Question

Let $T_1,T_2$ and be two tangents drawn from $(-2,0)$ onto the circle $C:x^2+y^2=1.$ Determine the circles touching $C$ and having $T_1,T_2$ as their pair of tangents. Further, find the equations of all possible common tangents to these circles when taken two at a time.

Answer 1

From figure it is clear that, $△OLS$ is a right triangle with right angle at $L$.
Also, $OL=1$ and $OS=2$
$\therefore 1\sin (\angle LSO)=\frac{1}{2}\Rightarrow \angle LSO=30^{\circ }$
Since, $S{A}_1=S{A}_2,\Delta S{A}_1{A}_2$ is an equilateral triangle.

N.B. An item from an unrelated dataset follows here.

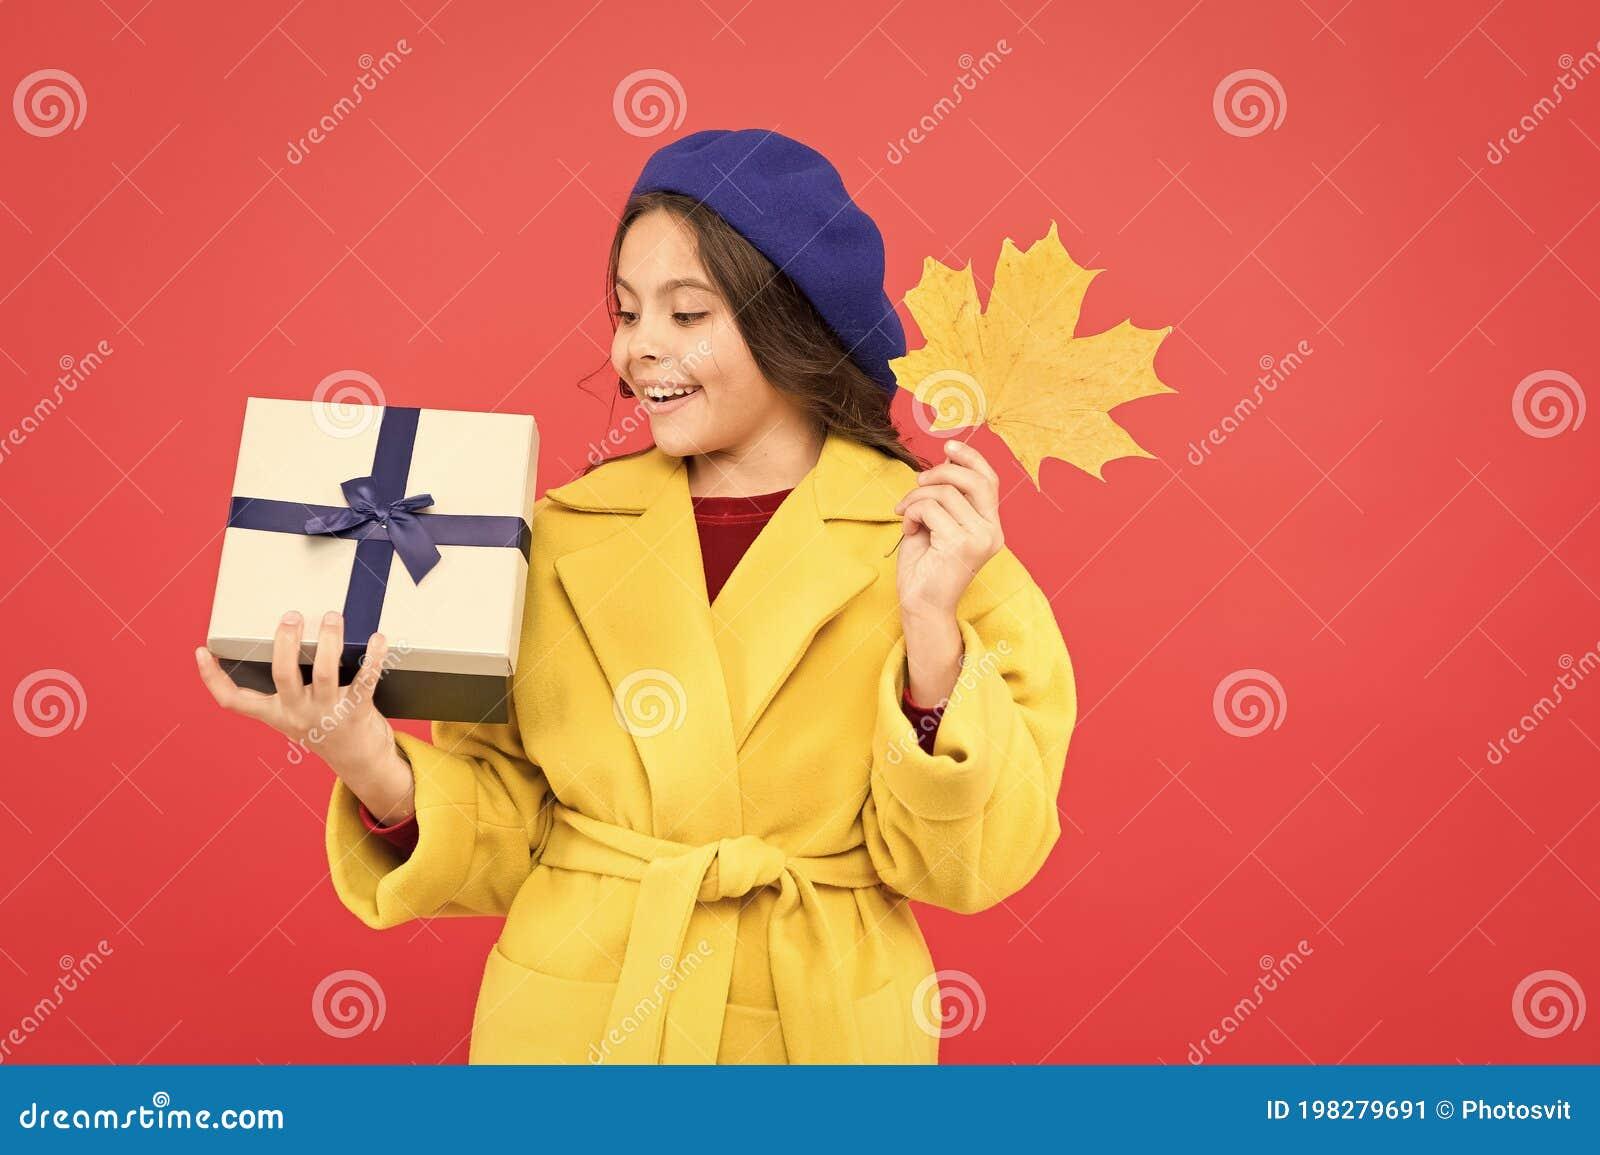 So Beautiful. Autumn Kid Fashion. Happy Small Girl With Maple Leaf ...

The circle with centre at $C_1$ is a circle inscribed in the $△S{A}_1{A}_2$. Therefore, centre $C_1$ is centroid of $\Delta S{A}_1{A}_2$. This, $C_1$ divides $SM$ in the ratio $2:1$. Therefore, coordinates of $C_1$ are $(-4/3,0)$ and its radius $=C_{1}M=1/3$
$\therefore$ Its equation is $(x+4/3{)}^2+y^2=(1/3{)}^2\dots$ (i)

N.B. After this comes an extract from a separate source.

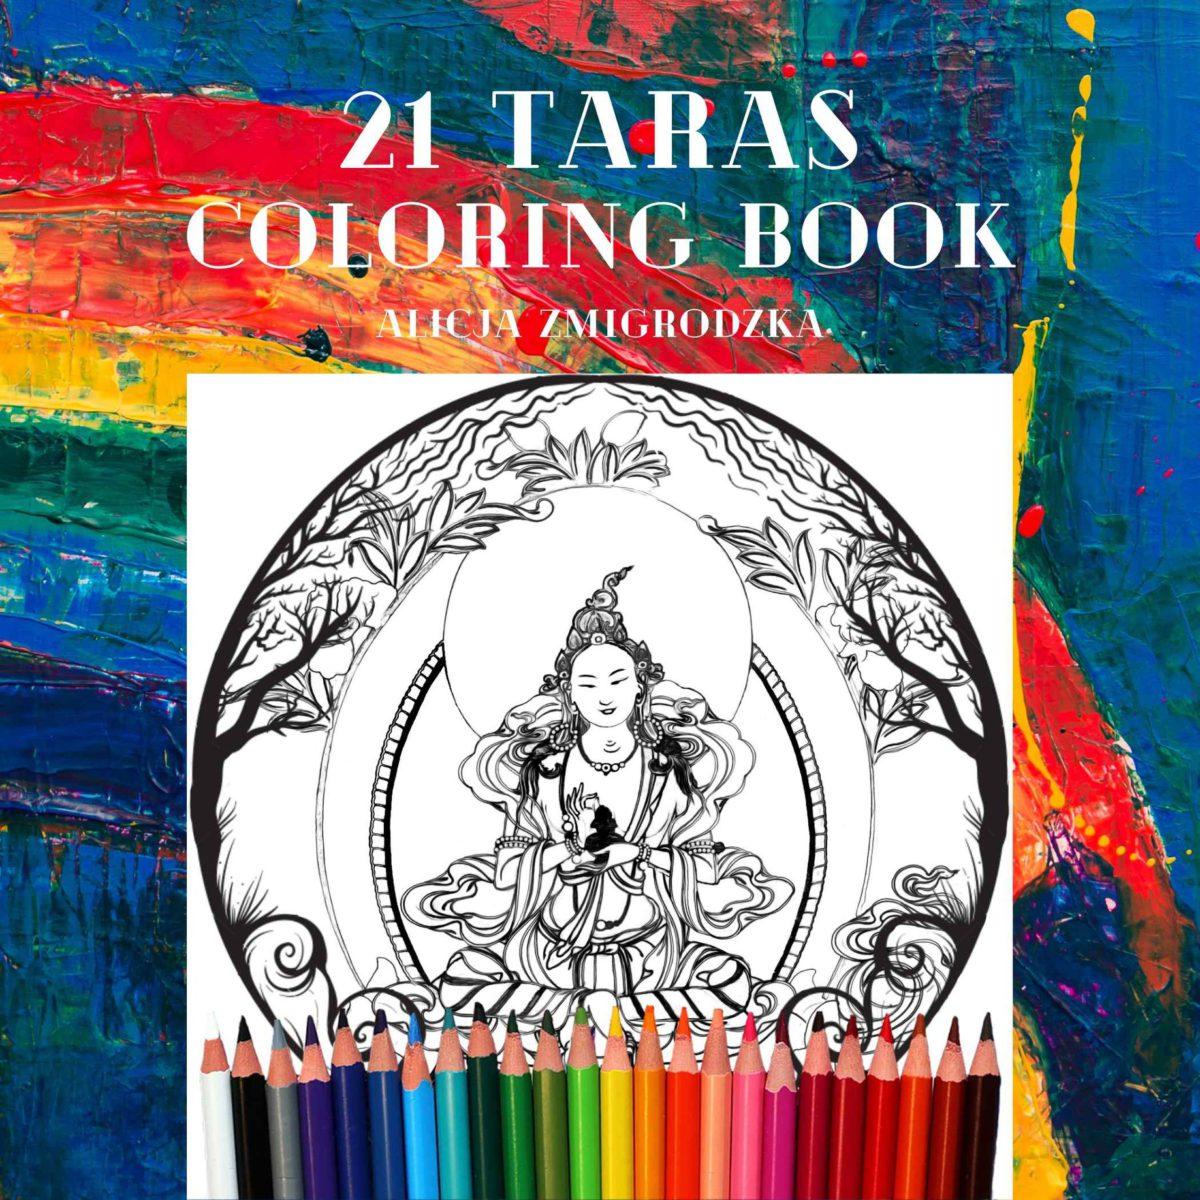 21 Taras Coloring Book
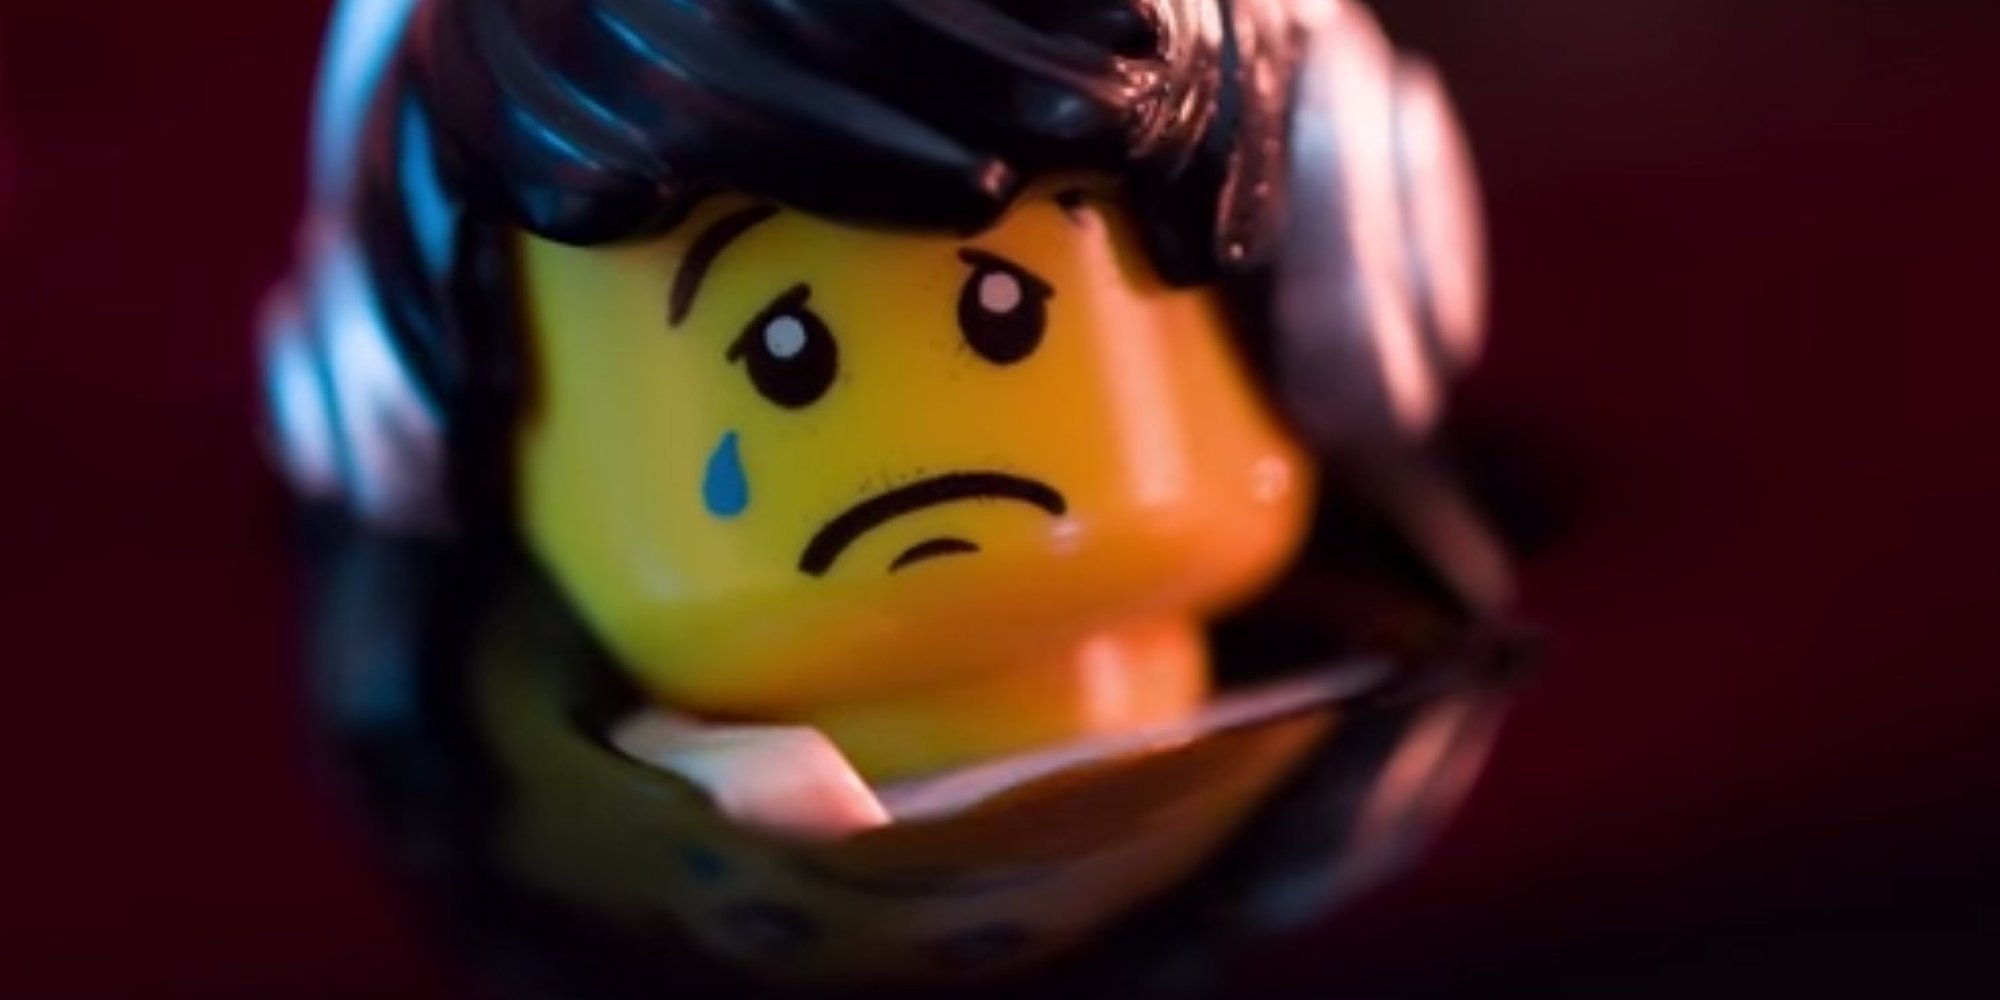 Image Gallery Sad Lego

The other circle touches the equilateral triangle $S{B}_1{B}_2$ externally. Its radius $r$ is given by $r=\frac{\Delta }{s-a}$,
where $B_1{B}_2=a$. But $\Delta =\frac{1}{2}(a)(SN)=\frac{3}{2}a$
and $s-a=\frac{3}{2}a-a=\frac{a}{2}$
Thus, $r=3$
$\Rightarrow$ Coordinates of $C_2$ are $(4,0)$.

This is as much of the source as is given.